A Quick Drive and These Conversation Techniques Can Get Kids to Open Up About Their Lives
Psychologist Dr. Laura Markham knows what works better than "How was your day?" Real conversation in 30 minutes or less, guaranteed.
If you really want to know how a kid’s day was, don’t ask when they get home. Ask when they’re still in the family car. Why? As clinical psychologist Dr. Laura Markham explains, getting information out of kids is easier when questions are posed in an unexpected (and confined) context. Though car conversations have become something of a cultural norm over the years, a crossover can still wrongfoot a reluctant sharer. Whether they’re in the front or back, kids in cars have nowhere to go and no habits to hide behind. They don’t have to answer, but they tend to do so anyway–maybe because eye contact is impossible and that makes everything a bit easier.
Still, none of that matters if the first question is, “How was your day?” Parents who follow that line of questioning can expect a dismissive “fine” followed by a long pause. It’s just too broad a topic. Markham says specificity is key.
“Once in the car, ask for the highlights of the day with a focused question. That helps your child hone in on something to tell you about. Otherwise, too many things happened in the course of their day for them to sift through and choose one,” she says.
“What was the best thing that happened at school today?” leads to a conversation about an event that can spiral into a broader conversation about school dynamics. “Who did you sit with at lunch?” provides an opportunity to talk about social interactions without going straight there. “What’s your favorite camp activity?” invites a discussion of passions. In all cases, the key is to flank the child emotionally.
And if those don’t work, Markham suggests something along the lines of “Did you have a substitute teacher again today?” It’s an innocuous yes-or-no question, but it gets a conversation going. It’s a trojan horse. Some kids will see that move coming and get annoyed by even a gentle interrogation, but resistance can be met with deeper listening. Enough scraps make a meal.
“If your child isn’t open to talking, make an observation about what they told you, and wonder aloud about it: ‘You look tired. I wonder if school wore you out today.’ ‘That sounds like a tough situation. I wonder what you could do now. I wonder if there’s some way to make this better.’”
After prioritizing and listening, Markham says the final key to an engaging drive-time conversation is checking your tone. Overreacting or lecturing kids is like pressing a big, red conversational self-destruct button.“Your child does not want you to solve their problem,” Markham explains. “That makes them feel incompetent.” Your child may be very upset about something that you think is an overreaction. Take their feelings seriously and commiserate, and they’ll be more likely to keep opening up to you.”
What kids really want, says Markham, is for parents to echo their feelings.
“Acknowledge their words by repeating them and acknowledge the emotions they are expressing by resonating in your response,” she says. “If your child says, ‘I hate that teacher,’ you don’t have to agree. Instead say, ‘It sounds like you’re pretty mad at Ms. Jones.’”
It’s not about injecting yourself into your child’s day, problem, or story, it’s about taking their energy and guiding them towards helpful conclusions.

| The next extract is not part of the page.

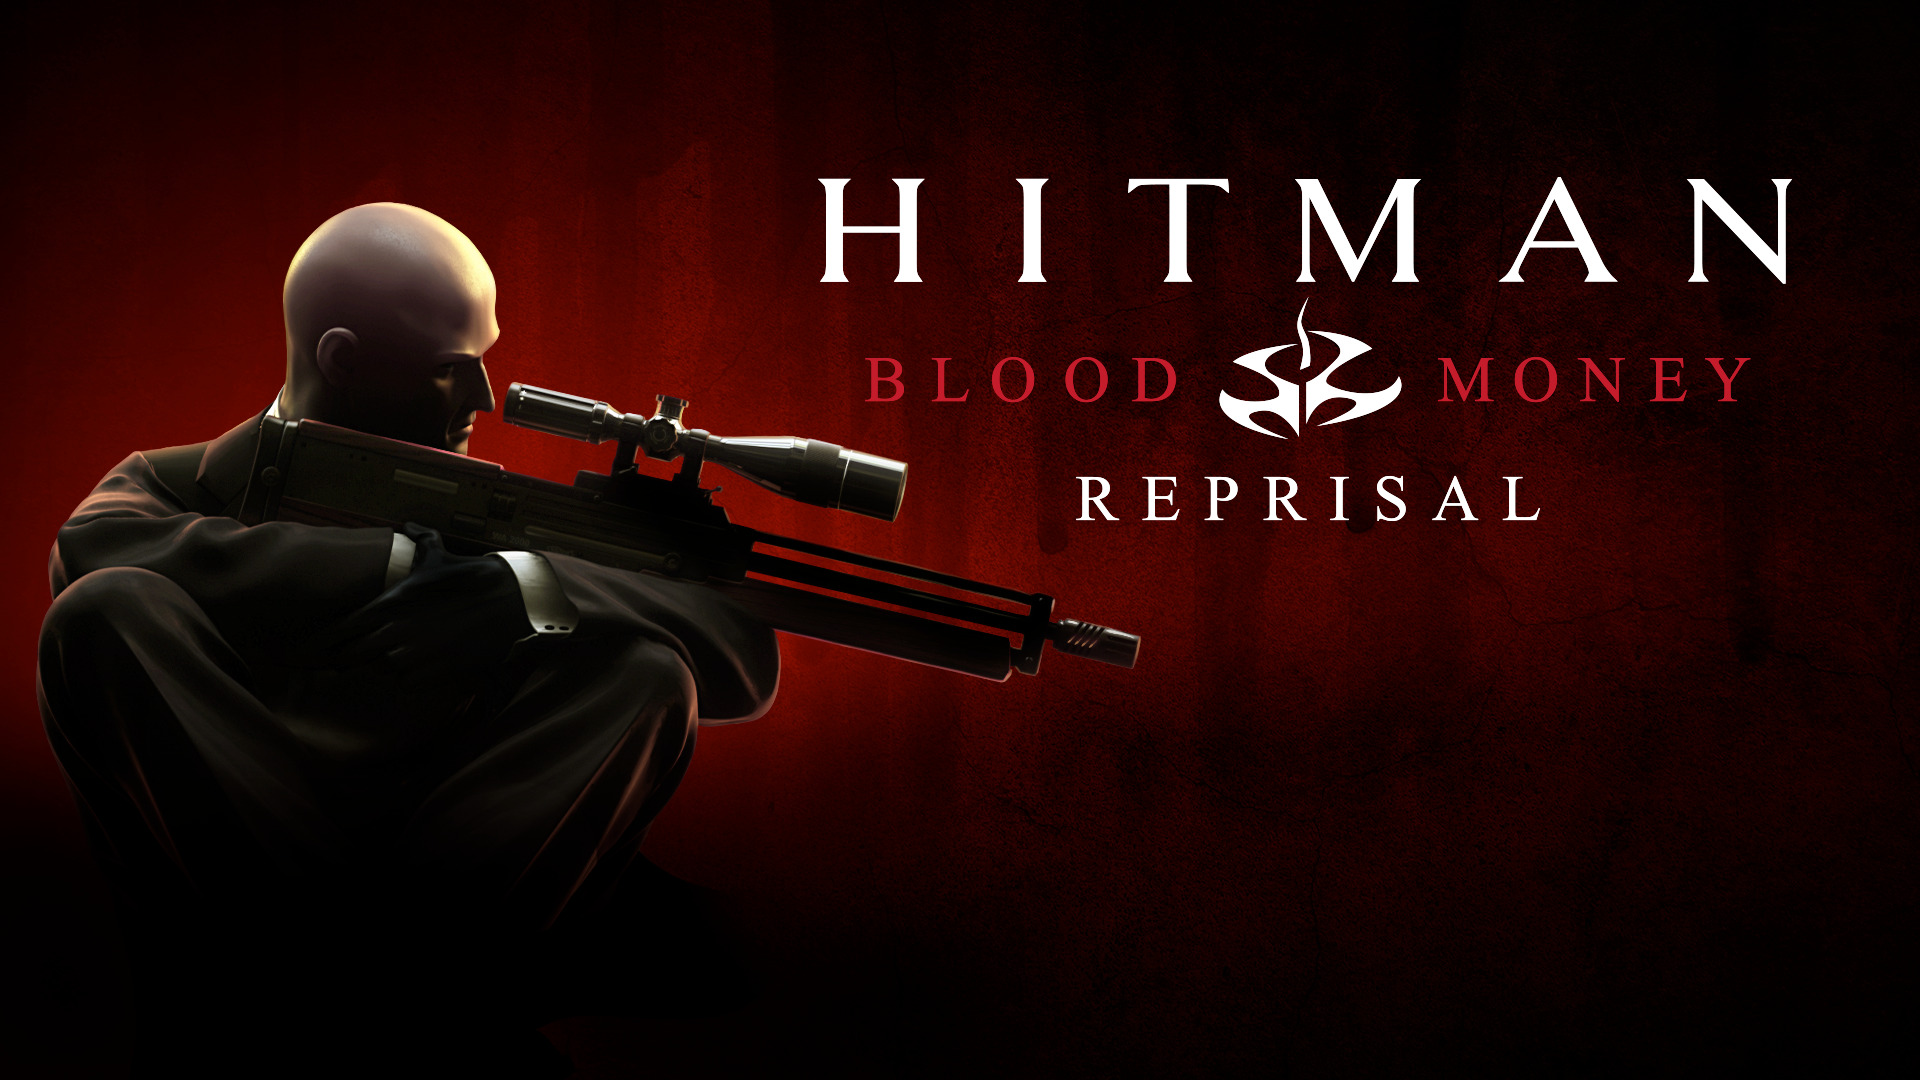 Hitman 3 se tornará Hitman World of Assassination

Car conversations are like Judo; they just require more concentration. Staying distraction-free and listening intently are always important, but for Markham, the biggest inhibitor to kids opening up in conversation is parents who try to solve all their problems.
These techniques also work outside the context of daily routines like school drop-offs, for example, following a big event like the return trip home from a first sleepover or month at sleepaway camp. They just take a little bit more work.
“What matters is re-establishing the connection that was not operating while you were apart. No child wants to feel like you’re grilling them,” Markham says. “What they want is to feel like you love them, are glad to see them, and are understanding when they do choose to share something.”